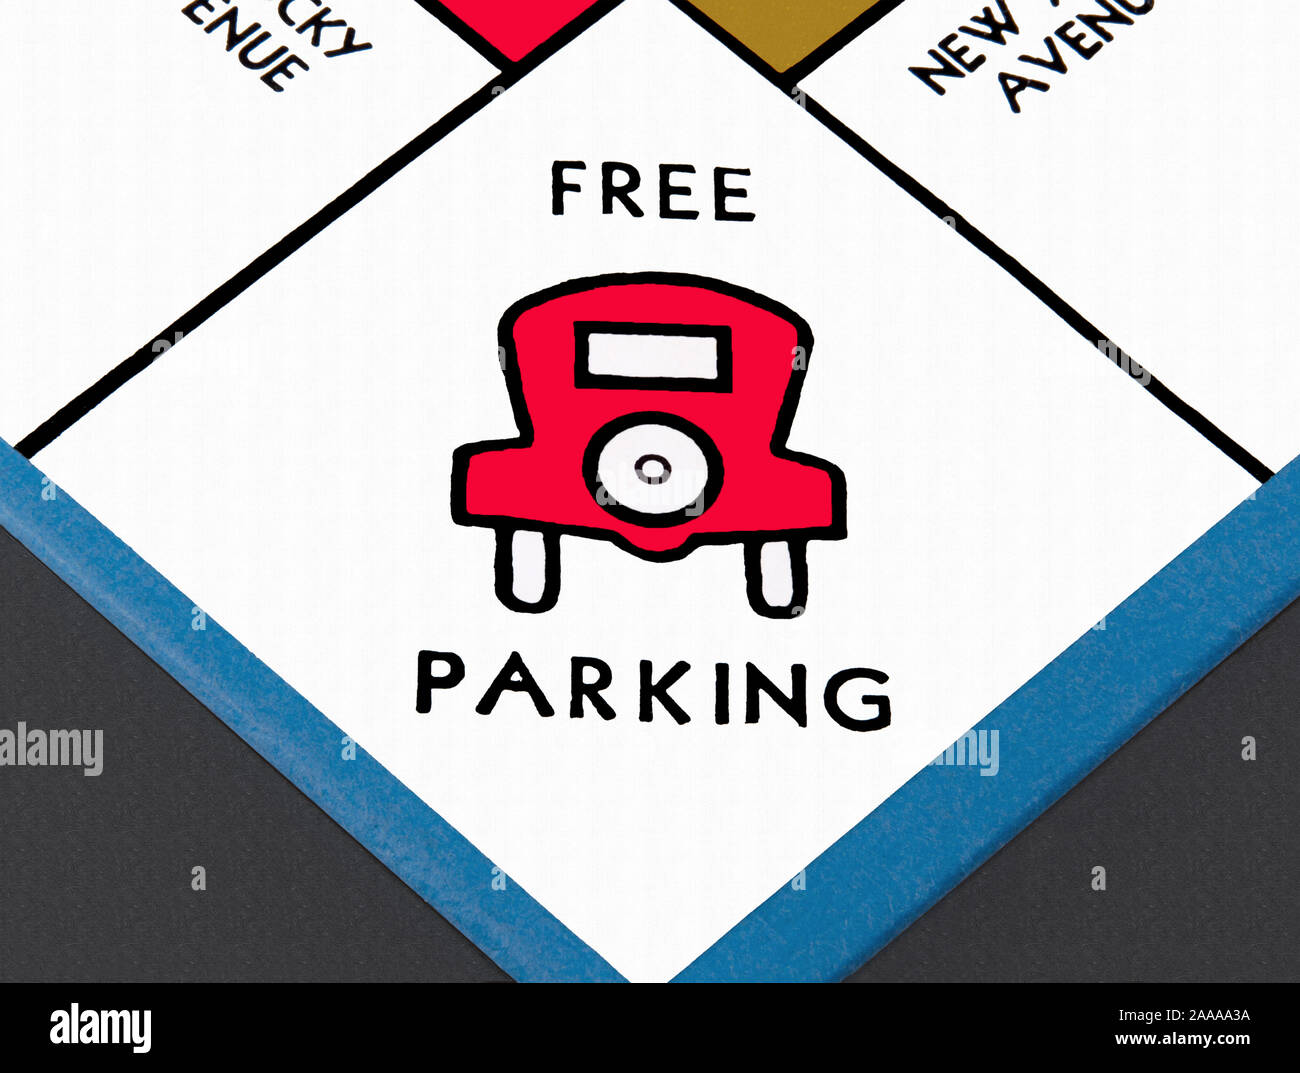 Free Parking space on a monopoly game board. Stock Photo
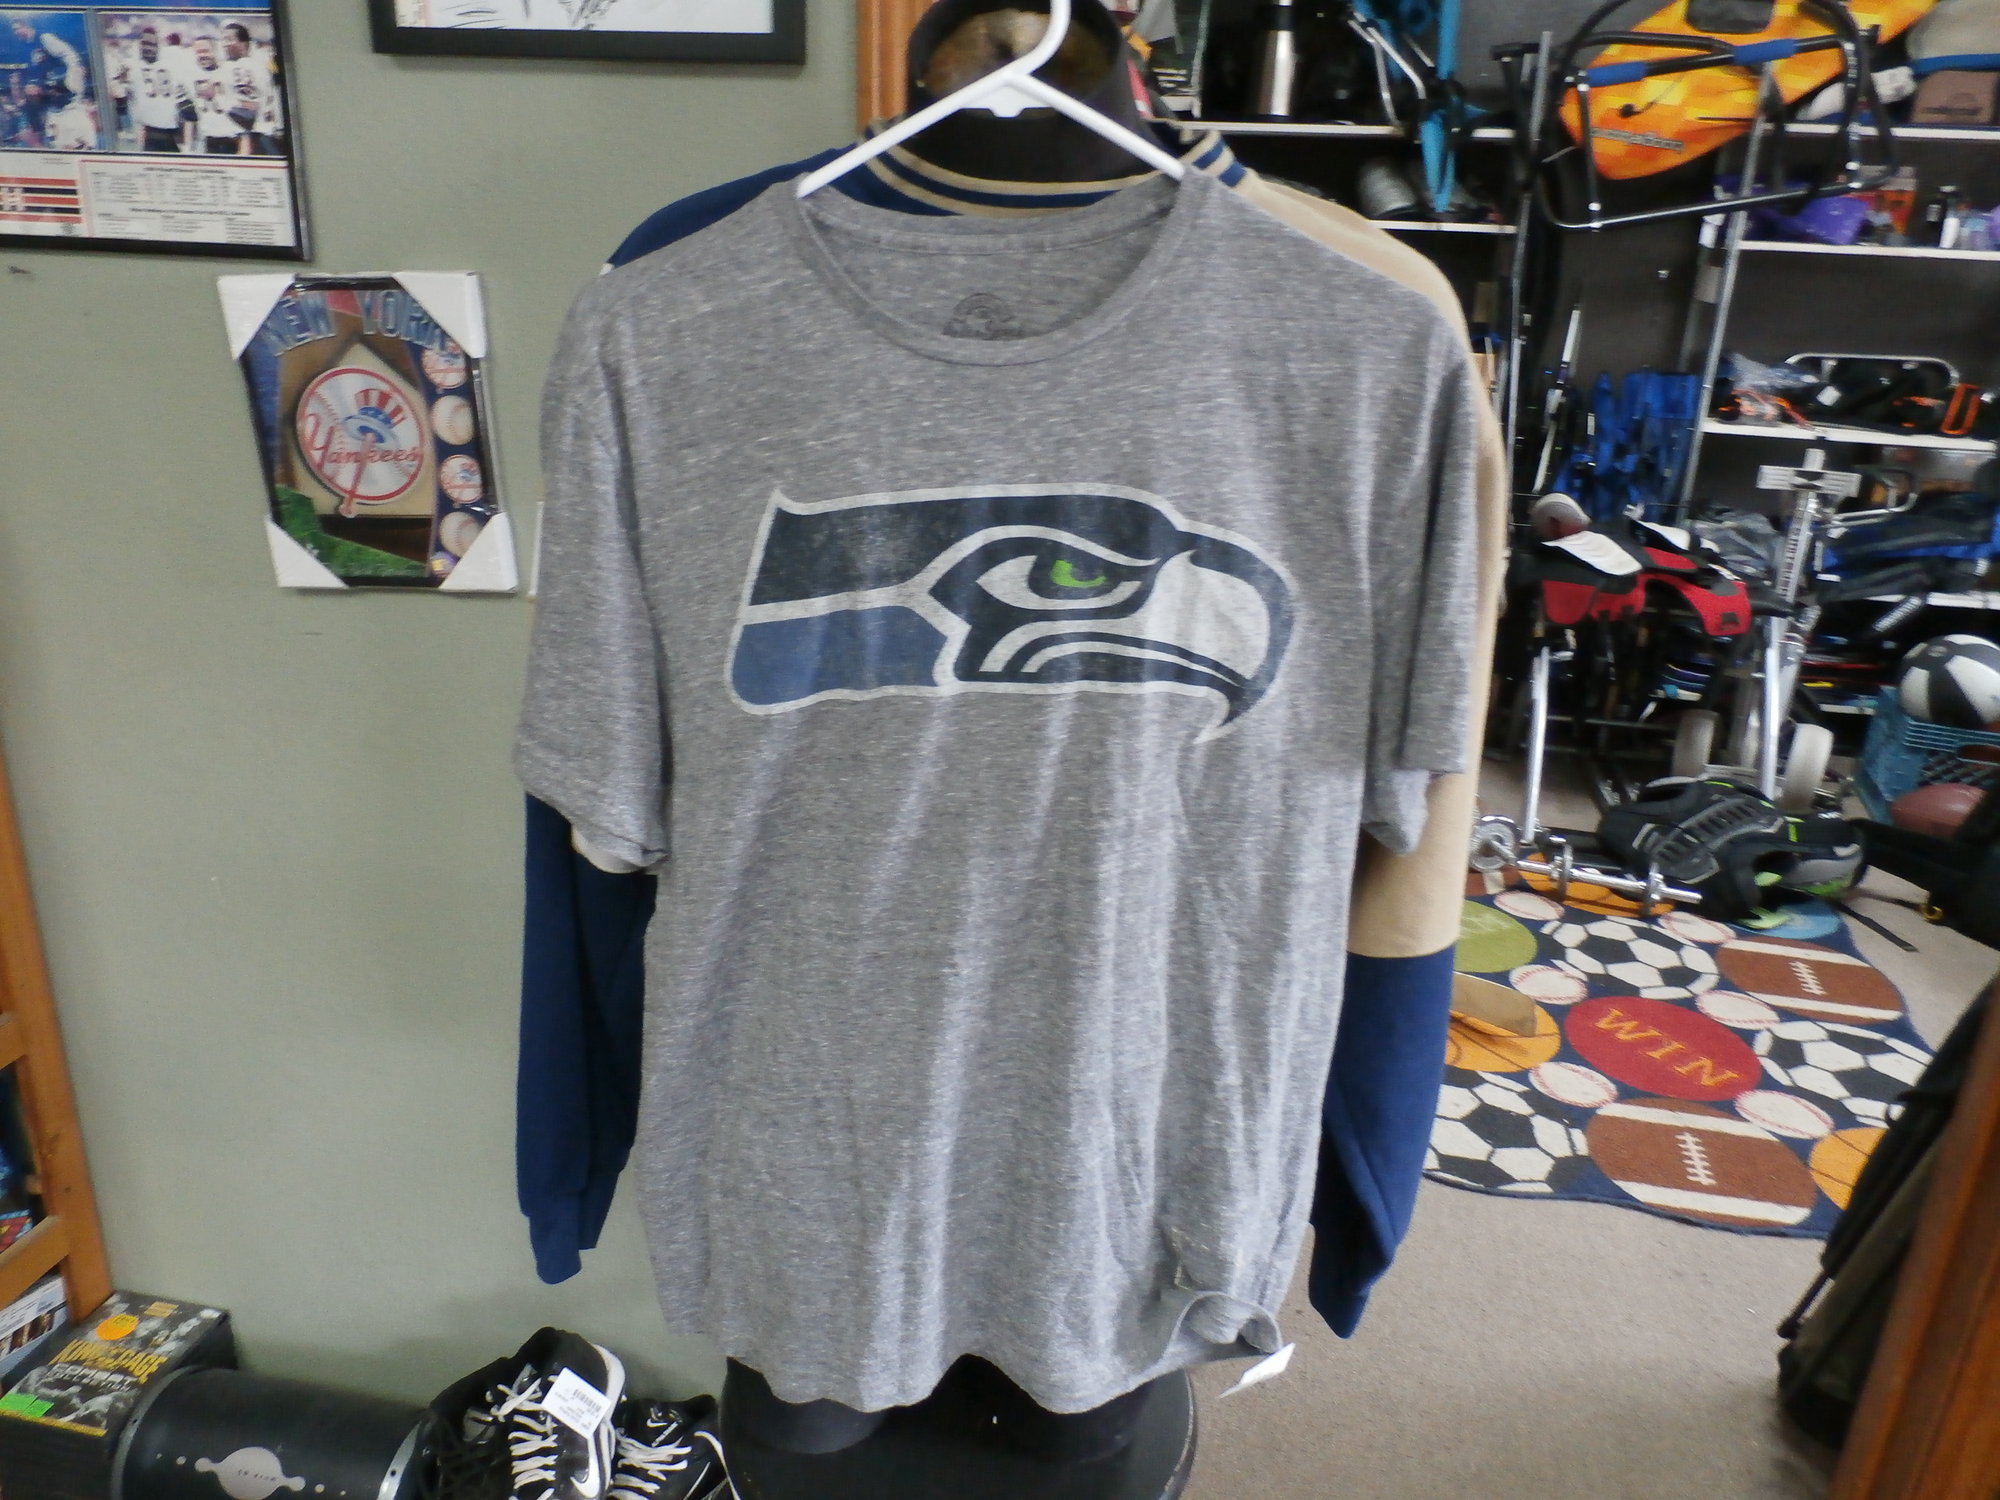 Title: Seattle Seahawks T shirt gray size Large #22284
Our Clothes Rating: 4- Fair Condition
Brand: Retro Sport
size: Men's Large (Chest: 20\" Length: 26\")
color: Gray
Style: basic screen pressed t shirt
Condition: 4- Fair- worn and faded; noticeable pilling and fuzz; front stitched on logo is missing; the front logo is cracked, faded and wearing off; material is faded, discolored and partially see through from washing, use and age;
Shipping: FREE
Item #: 22284

# # # # #

YOUR ASSIGNMENT
Above are the entries. Quote exactly the lines from the one bearing "Brand: Retro Sport" through the one bearing "Condition: 4- Fair- worn".

RESPONSE TO THIS EXERCISE
Brand: Retro Sport
size: Men's Large (Chest: 20\" Length: 26\")
color: Gray
Style: basic screen pressed t shirt
Condition: 4- Fair- worn and faded; noticeable pilling and fuzz; front stitched on logo is missing; the front logo is cracked, faded and wearing off; material is faded, discolored and partially see through from washing, use and age;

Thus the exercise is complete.